Adam didn’t wait for her to start the attack this time, he darted forward, coming upon her like a storm. Their blades met in a furious clash, steel echoing sharply through the warehouse. His longer sword gave him reach, but Nero was more agile. She struck high, low, then spinning into a kick that nearly took his legs out from under him. Adam blocked, parried, and countered, but even then she was too fast. One dagger sliced across his forearm, leaving a shallow wound, and another grazed his chest. Pain flared, but he ignored them, aiming a thrust at her shoulder, but the dark elf twisted around and leapt out of range, his sword just nicking her upper arm instead of impaling it.

She put some distance between them, her chest rising and falling in sharp, uneven breaths. She was finally starting to reach her limits. It should be any time now.

“You do not summon more of those abominations?” she asked.

Adam regarded the dark elf for a moment. Of course, he couldn’t tell her that he was unable to summon more clones, she might start disappearing again, and he couldn’t sense her as quickly as the clones did ... or as well as she believed he could.

“There’s no reason to,” he said. “We’re almost finished here.”

Nero growled and attacked again, her daggers becoming even faster. She grazed his cheek with a strike meant for his eyes, then shifted the angle and nearly took his ear off as he jerked his head back at the last moment. She wasn’t trying to overwhelm him, it felt as though she was dissecting him, trying to carve him down piece by piece.

Adam repelled her attacks as best as he could, waiting, just waiting.

Then it happened.

A swing too wide, an extra step to reset, breath growing harsher...

That was the opening he had been waiting for.

In an instant, Adam’s entire stance changed. The defensive posture vanished. He exploded forward with sudden, explosive aggression, his sword whipping around in a horizontal cut that forced her to leap backward. The blade whistled past her midsection, close enough that she felt the wind of it tug at her leathers. Before she could reset, he was on her again with another powerful overhead swing that she barely parried with both daggers crossed above her head. The impact rang out like a hammer on an anvil, sparks flying, the sheer force driving her arms down and making her stagger back.

Adam didn’t give her a chance to settle or even breathe. He pressed the advantage mercilessly, his longer blade granting him superior reach in the open warehouse.

Strike after strike came in heavy, controlled arcs, each one designed not to maim or kill, but to overwhelm and drive her back.

Nero’s eyes widened slightly as she was forced to give ground, her usual fluid grace strained under the relentless pressure. She parried and twisted, trying to slip inside his guard for a lethal counter, but every time she attempted to close the distance, his sword lashed out again, forcing her to retreat or risk being bisected.

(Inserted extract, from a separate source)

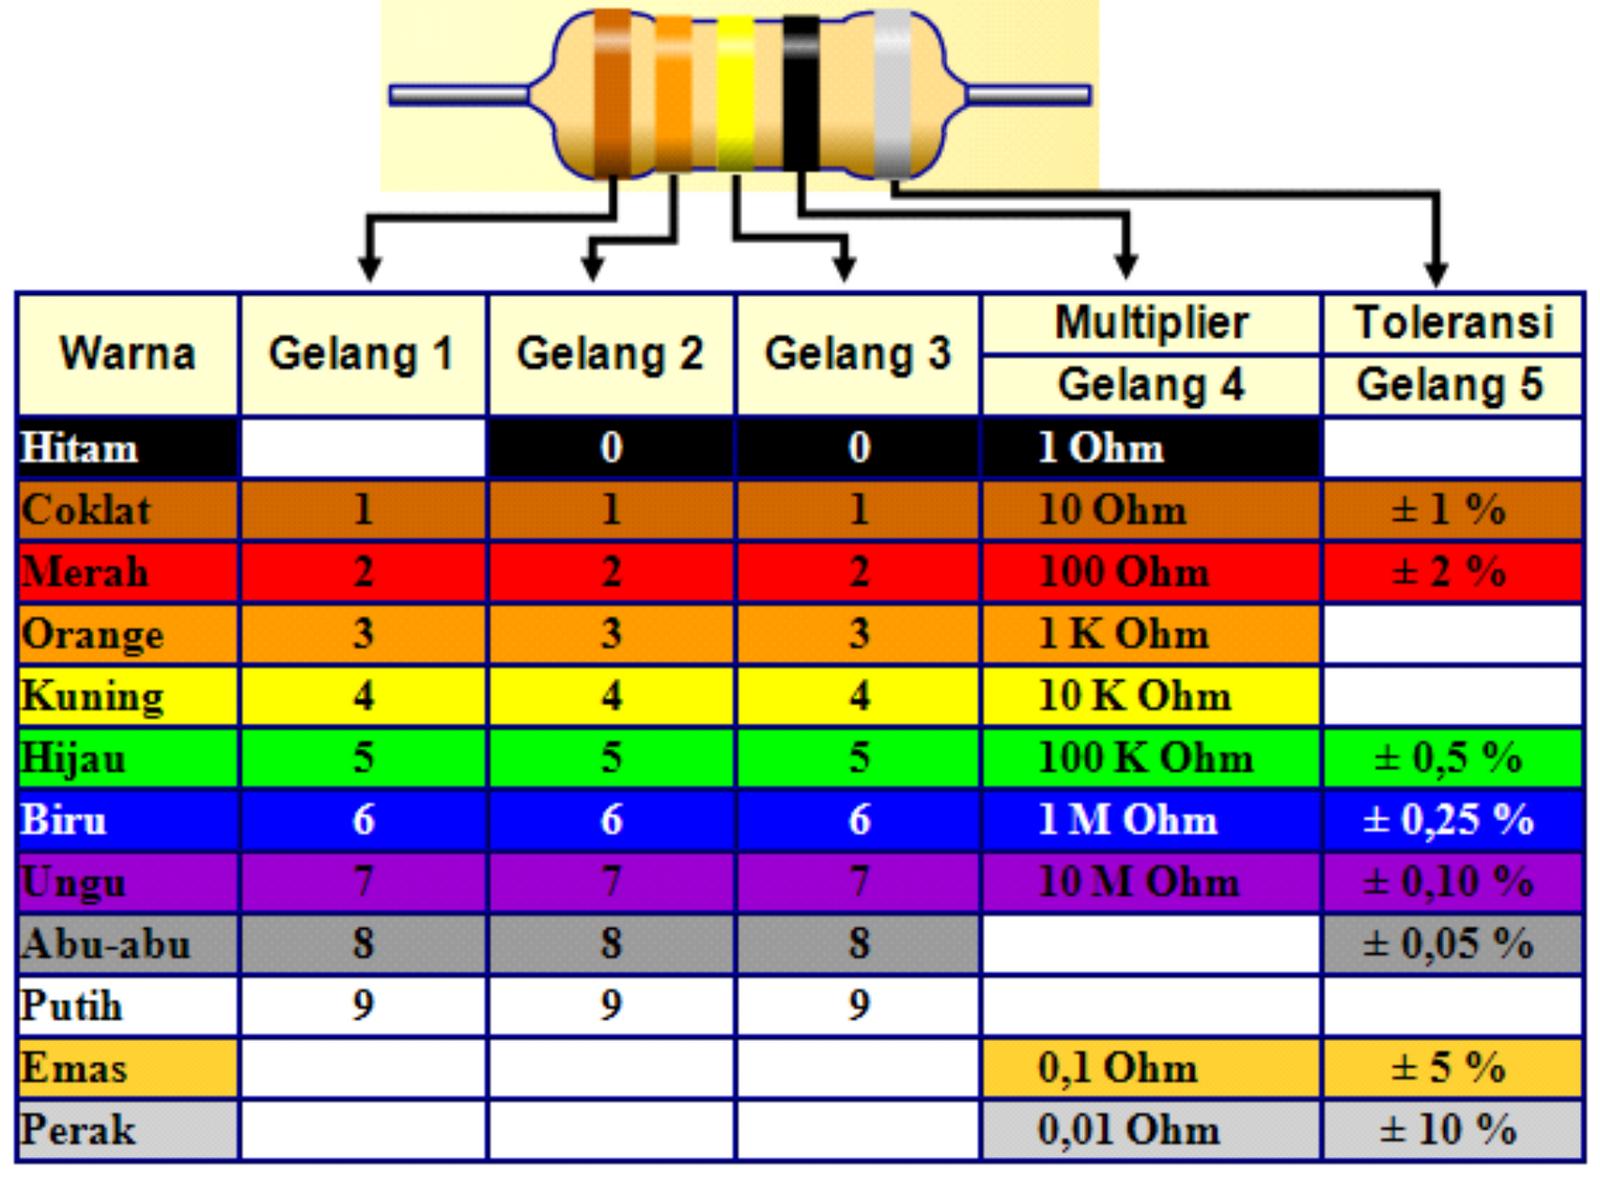 Tabel Resistor 5 warna

A sharp grunt squeezed out of her throat as another heavy blow slammed against her daggers, the vibration shooting up her arms. She was good—exceptionally so—but fatigue was setting in after the earlier fight with the shadow clones, and Adam still had plenty in his reserves. His raw power was turning the tide completely.

Then came the decisive moment...

Nero tried to duck under a sweeping cut and counter with a spinning slash aimed at his ribs, but Adam anticipated it. He pivoted sharply, letting her momentum carry her slightly off-balance, and brought his sword around in a brutal, descending arc, not with the edge, but with the flat of the blade, using the full weight of the swing.

The blow slammed into her side with full force, driving the air from her lungs in a sharp, startled gasp. Her feet lifted clean off the ground as she was hurled backward, crashing into a crate before dropping and rolling across the blood-streaked warehouse floor. Her twin daggers tore free from her grip, skidding away out of reach.

Before she could begin to push herself up, Adam was on her.